Thursday night, after a long, hard, profitable shift at the Diner, I indulged in the tiniest amount of herb ever, then, with this bowl of borrowed energy, made it to the Eagle. I was just in time for Blowie, a David Bowie cover band. They didn’t look like much as they were setting up. A dirty blond guy in white hippie bell-bottoms did not cut a convincing Mick Ronson figure. But starting off with a half-pub-rock, half-punk version of ‘Queen Bitch’ from Hunky Dory: that was brilliant. The lead singer came out, in a homemade version of that famous spandex pantsuit, the Ziggy number with only one leg and one arm. You’ve seen it. They did ‘Black Country Rock’ and ‘All the Madmen’ from The Man Who Sold the World. They were avoiding the hits, until “Hang on to Yourself,” “Moonage Daydream,” and “Ziggy Stardust.” Then, Mr. Blowie left the stage, the band went into a slow feedback ‘n’ drudge mode which eventually gelled into ‘Station to Station.’ Our Thin White Duke was singing on the bar, now in a black jumpsuit, with a long flap on either side, almost wings.
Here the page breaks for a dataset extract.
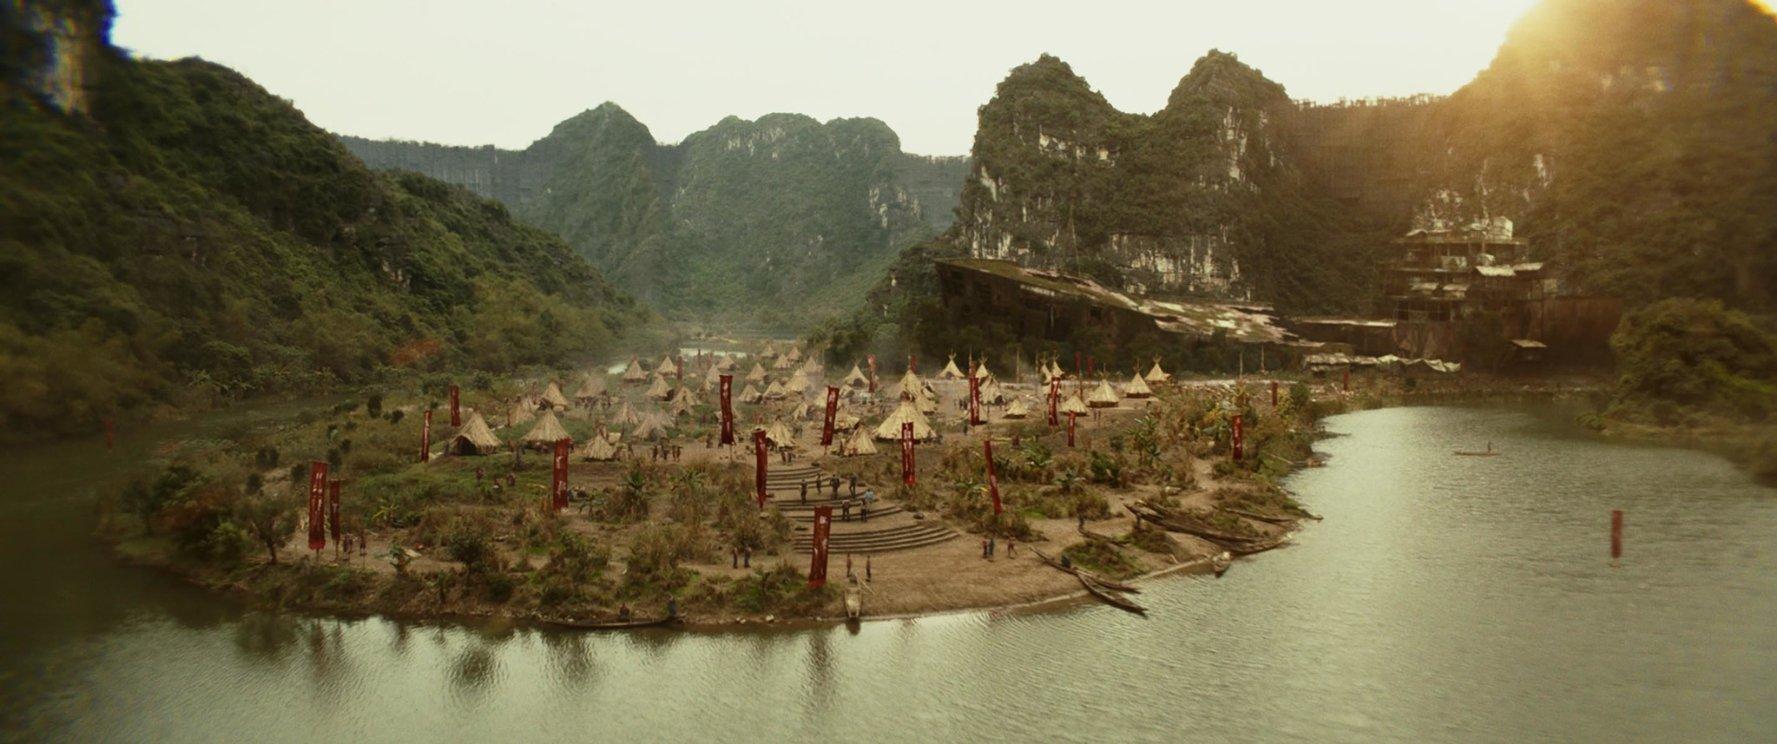 How Long Is King Kong Skull Island

It was Kraftwerk via Bowie, extra side of fairy dust, with the song grunged up and bleeding.
If ya gotta be a tribute band, this is how to do it.
He forced the audience to participate too. Stuck the mic in our faces, stuck his butt out every chance he got, bumped and grinded, and pushed us around until a mosh pit was formed . . . not an easy thing to do, at the Eagle, in 2009. Oh, and a cutie-pie at the door took a liking to me—God knows why—and joined me up front for a bit of grab-ass flirting and stuff. Huge fun, wide grins all around.
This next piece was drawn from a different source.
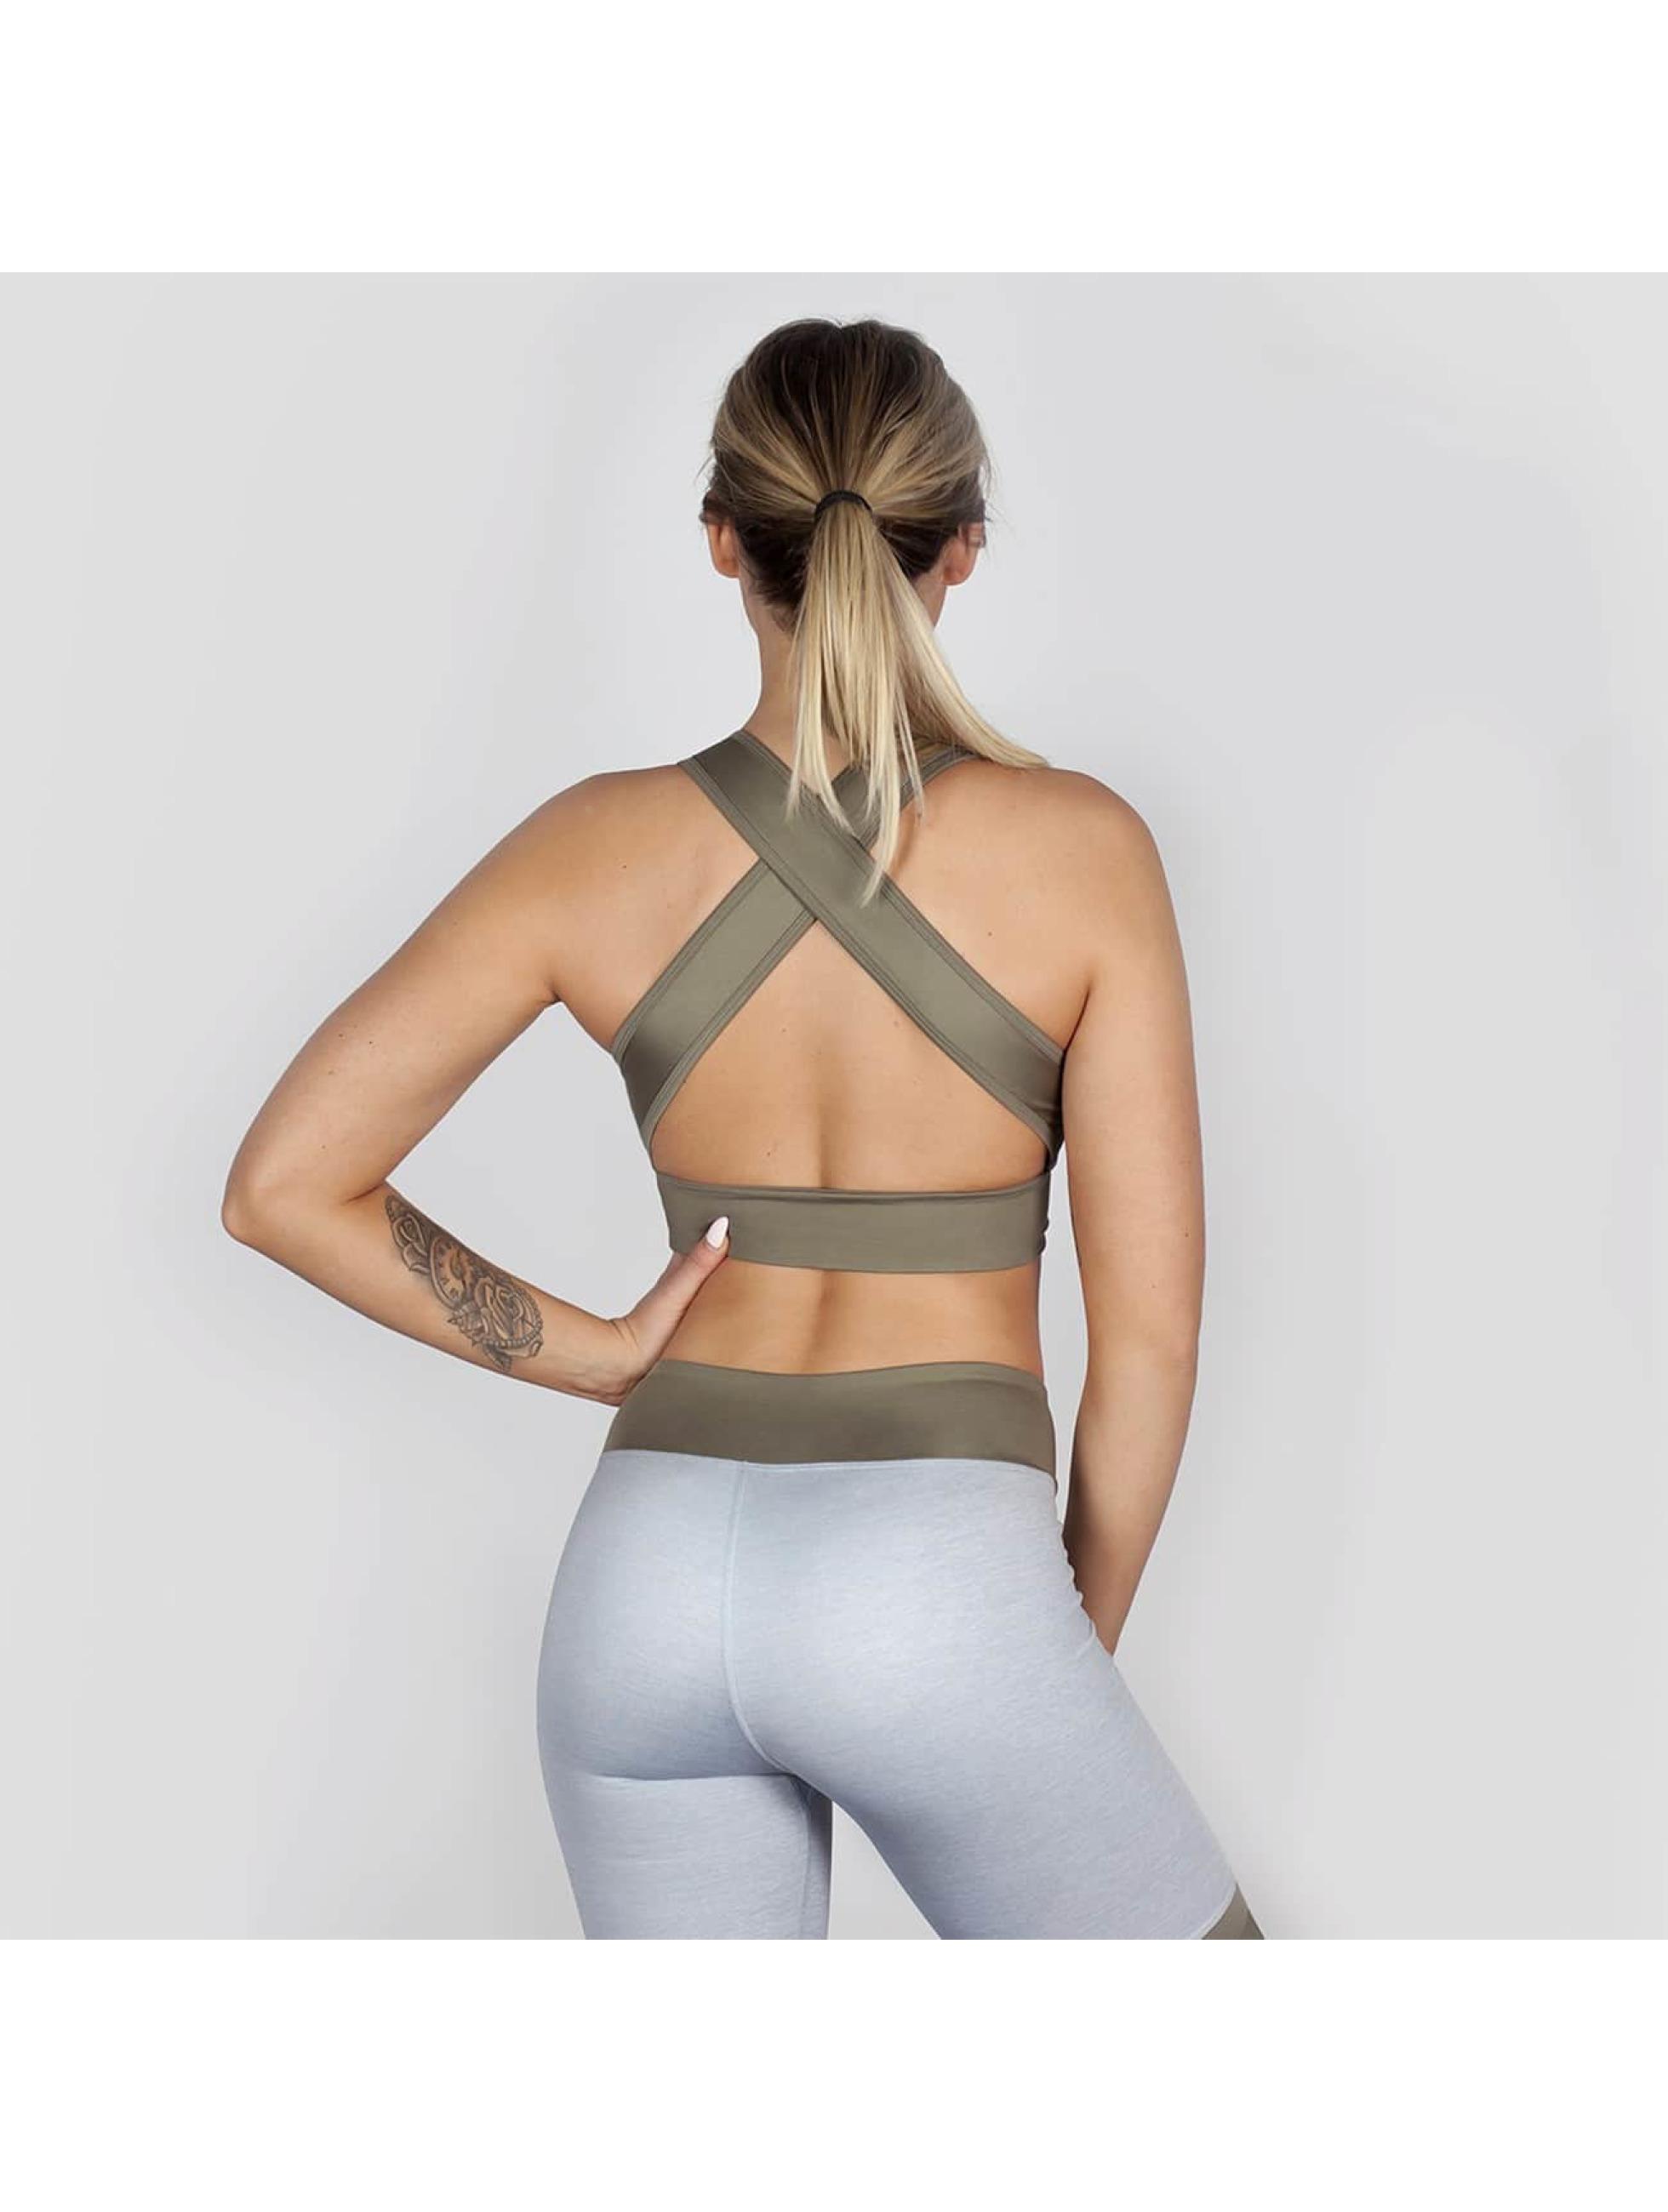 Beyond Limits Underwear Crossback gray

As I went to unlock my bike outside, two young black guys walked by . . . one of whom looked like a collegiate track and field star, he was such a stud-muffin. My eyes couldn’t help but admire him, and—one miracle following another—he returned my attentions. The other young man said, “You guys can use my car.” They coaxed me in (not that hard to do) and next thing you know, this guy and I are taking turns giving each other head. When I came on my belly, both of them dipped their fingers in and ate it all up. Jesus.